- _Supplied data_
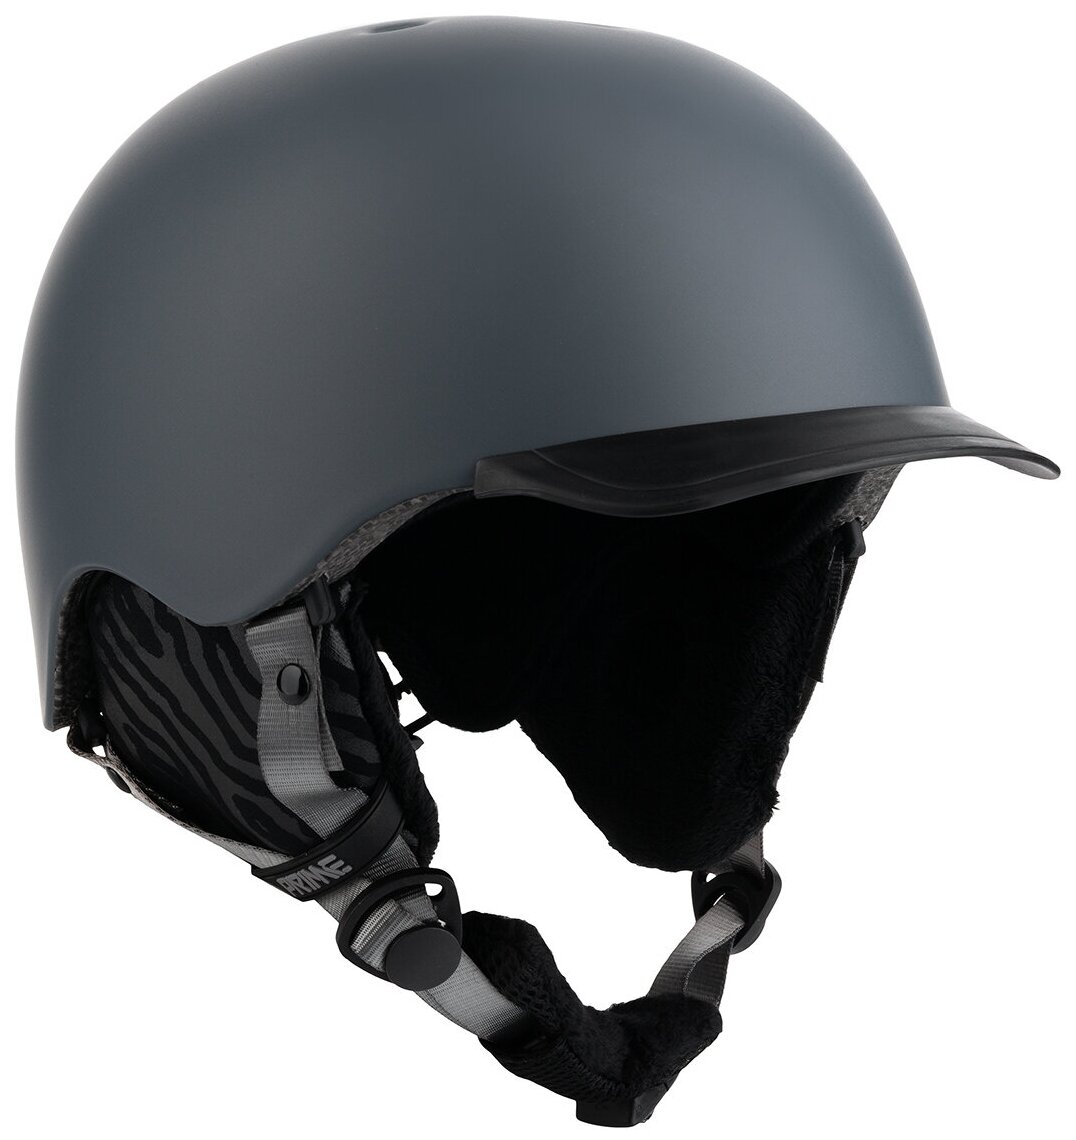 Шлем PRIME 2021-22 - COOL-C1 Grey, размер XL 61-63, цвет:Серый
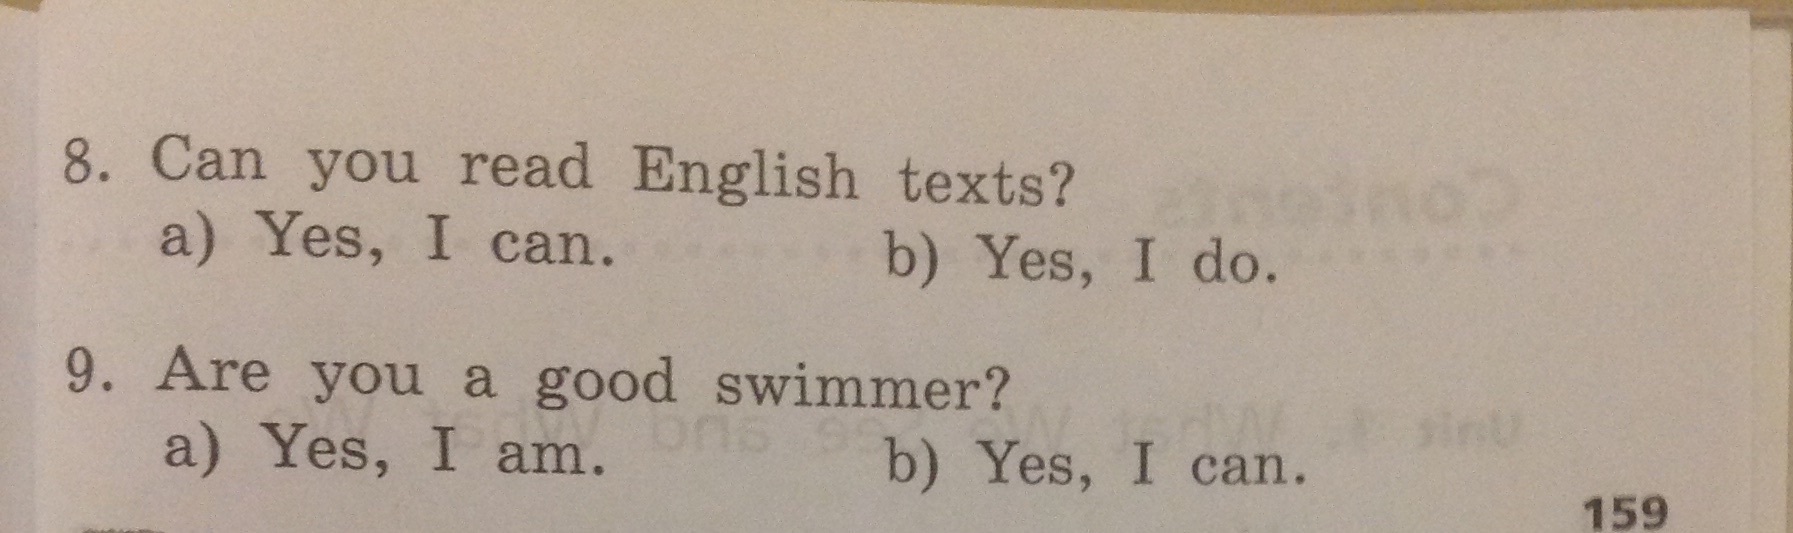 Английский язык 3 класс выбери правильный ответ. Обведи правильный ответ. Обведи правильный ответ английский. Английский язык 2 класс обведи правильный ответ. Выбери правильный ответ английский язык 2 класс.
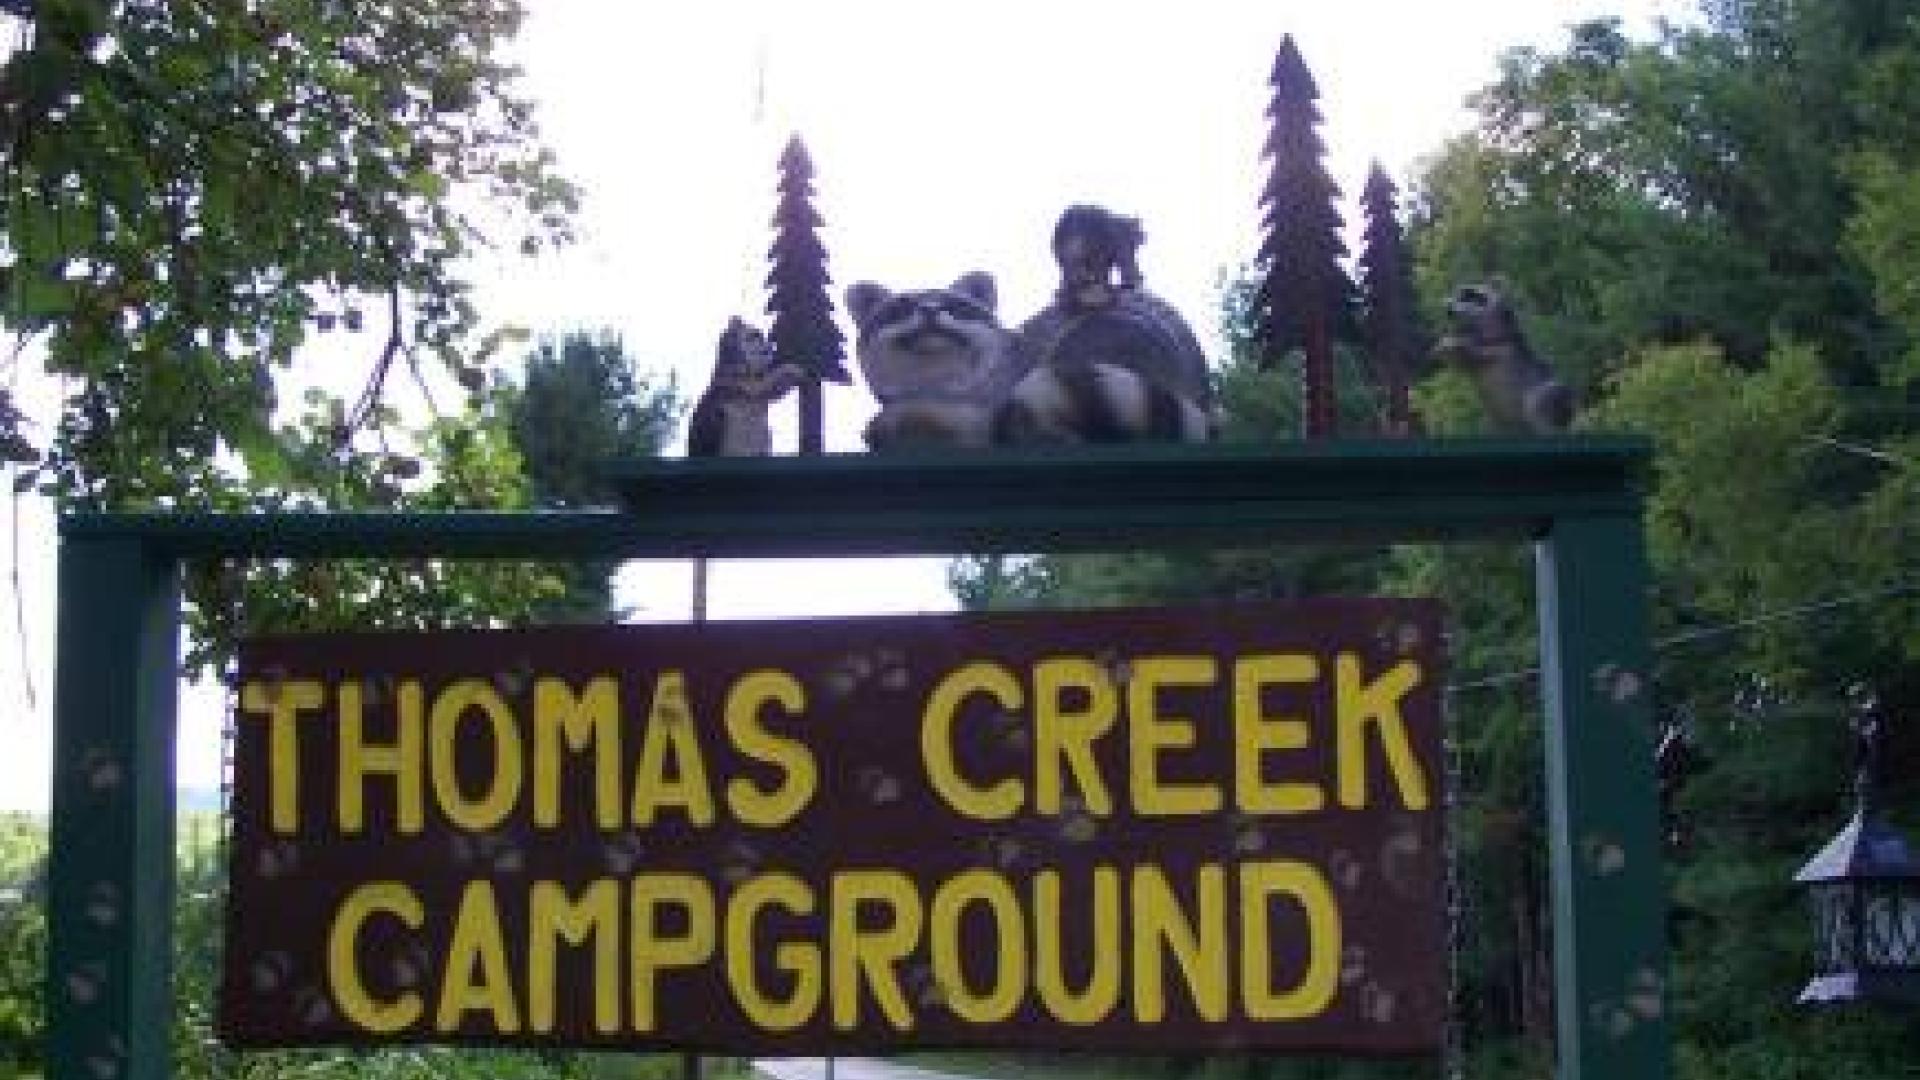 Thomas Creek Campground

- _What the exercise asks_
Set down the material above as is, without any pictures.

- _Answer for this exercise_
 Шлем PRIME 2021-22 - COOL-C1 Grey, размер XL 61-63, цвет:Серый
 Английский язык 3 класс выбери правильный ответ. Обведи правильный ответ. Обведи правильный ответ английский. Английский язык 2 класс обведи правильный ответ. Выбери правильный ответ английский язык 2 класс.
 Thomas Creek Campground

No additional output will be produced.